Imagine you are an astronaut who has landed on another planet and wants to determine the free-fall acceleration on that planet. In one of the experiments you decide to conduct, you use a pendulum 0.47 m long and find that the period of oscillation for this pendulum is 1.43 s. What is the acceleration due to gravity on that planet? (Enter the magnitude only.)

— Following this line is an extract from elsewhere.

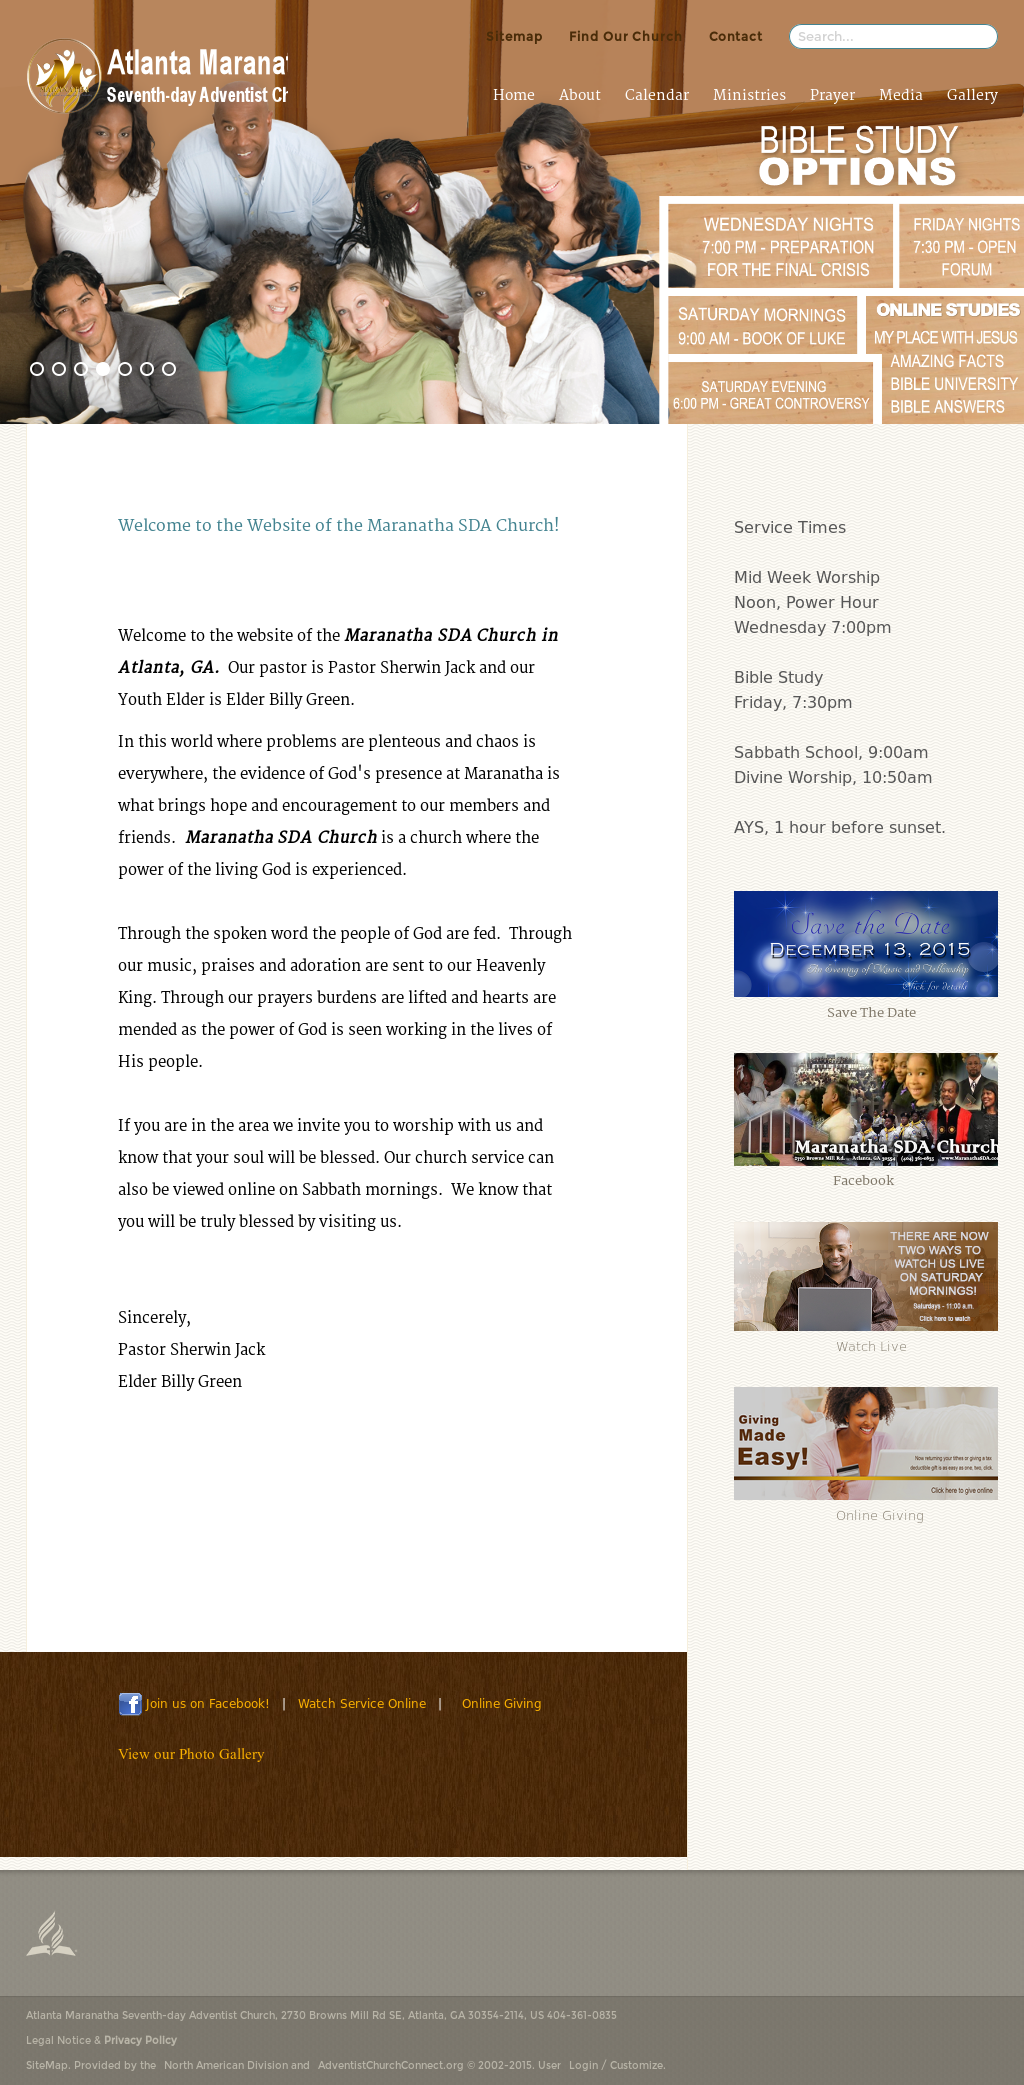 Atlanta Maranatha Sda Church Competitors, Revenue and
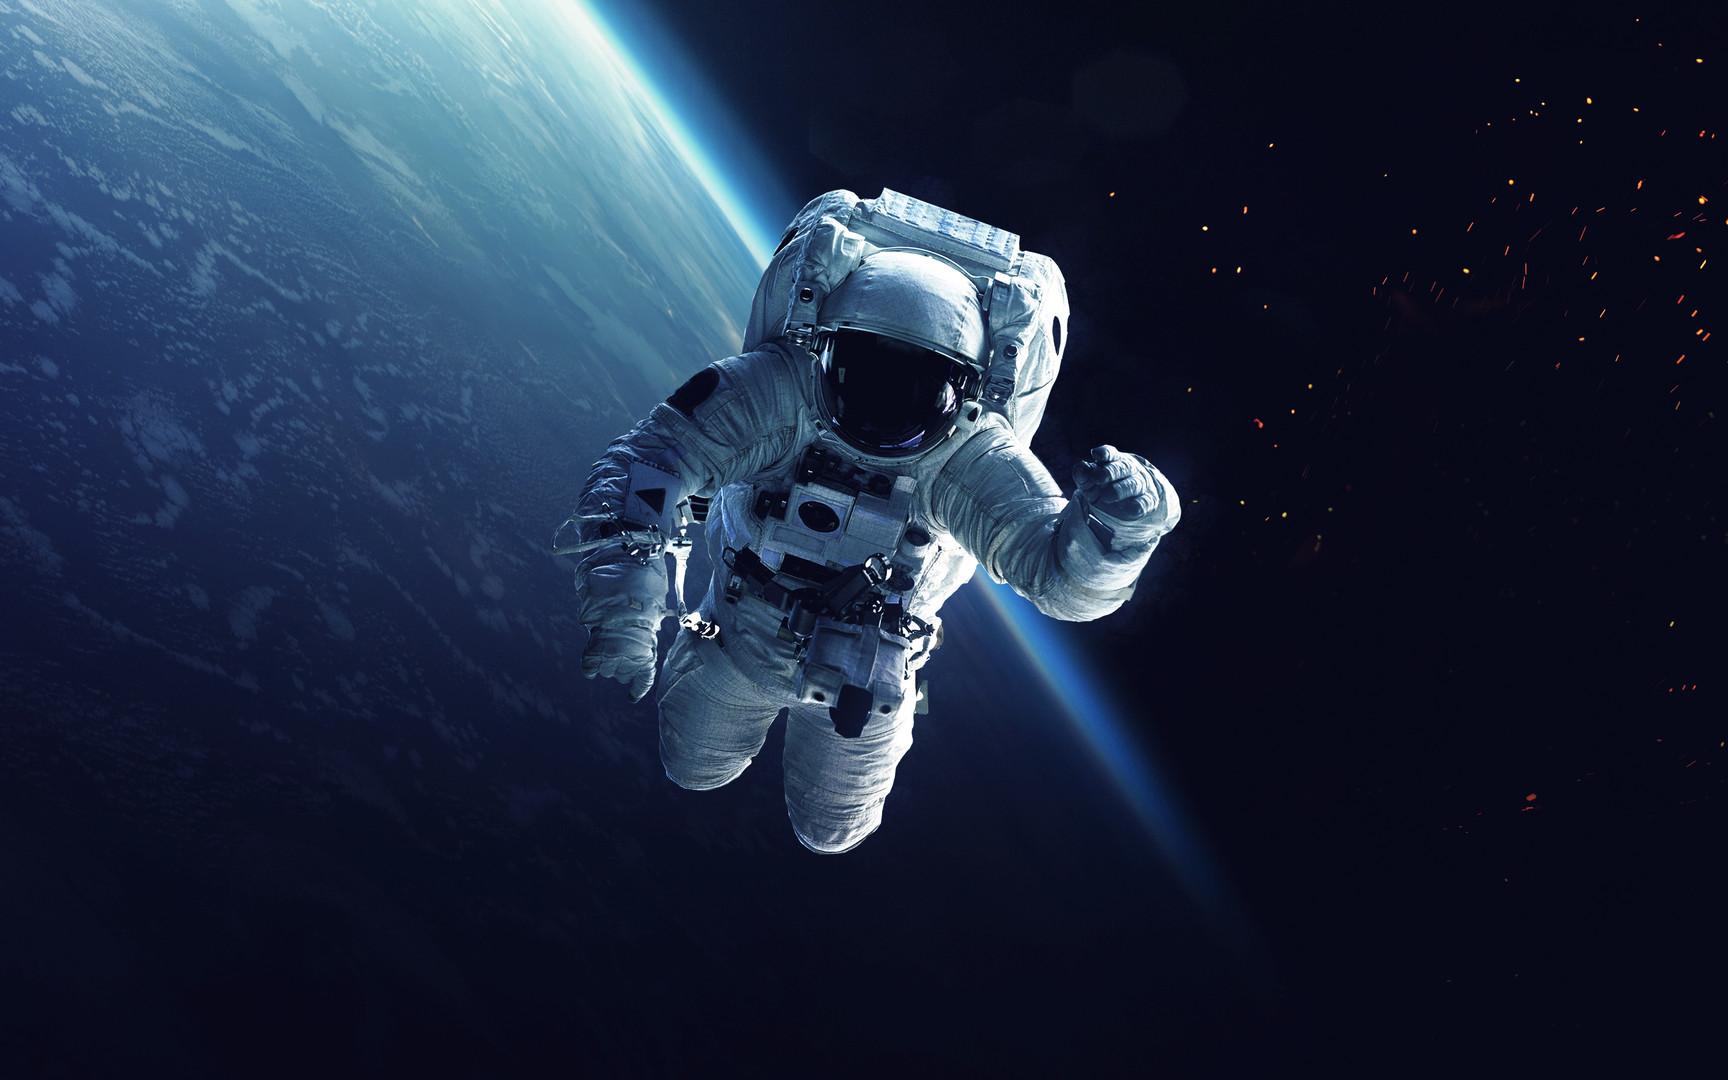 Astronaut at spacewalk. Cosmic art, scie

I know the formula to use is
T=2pi(L/g)^0.5(g) but I keep getting a wrong answer
t^2=2x3.14x0.47/a
Or, a=6.28x0.47/1.43^2=0.43 m/sec^2
To determine the acceleration due to gravity on the planet using a pendulum, you need to rearrange the formula for the period of oscillation. The correct formula is:
T = 2π * √(L/g)
Where:
T is the period of oscillation (given as 1.43 s).
π is a mathematical constant (approximately 3.14159).
L is the length of the pendulum (given as 0.47 m).
g is the acceleration due to gravity (what we're trying to find).
Now, let's solve the equation for g:
T = 2π * √(L/g)
Rearrange the equation to isolate g:
T/2π = √(L/g)
Square both sides of the equation to remove the square root:
(T/2π)^2 = (L/g)
Simplify the right side of the equation:
g = L / (T/2π)^2
Substitute the given values:
g = 0.47 / (1.43/2π)^2
Now, calculate the value of g:
g = 0.47 / (1.43/(2*3.14159))^2
g ≈ 3.44 m/s²
Therefore, the acceleration due to gravity on the planet is approximately 3.44 m/s².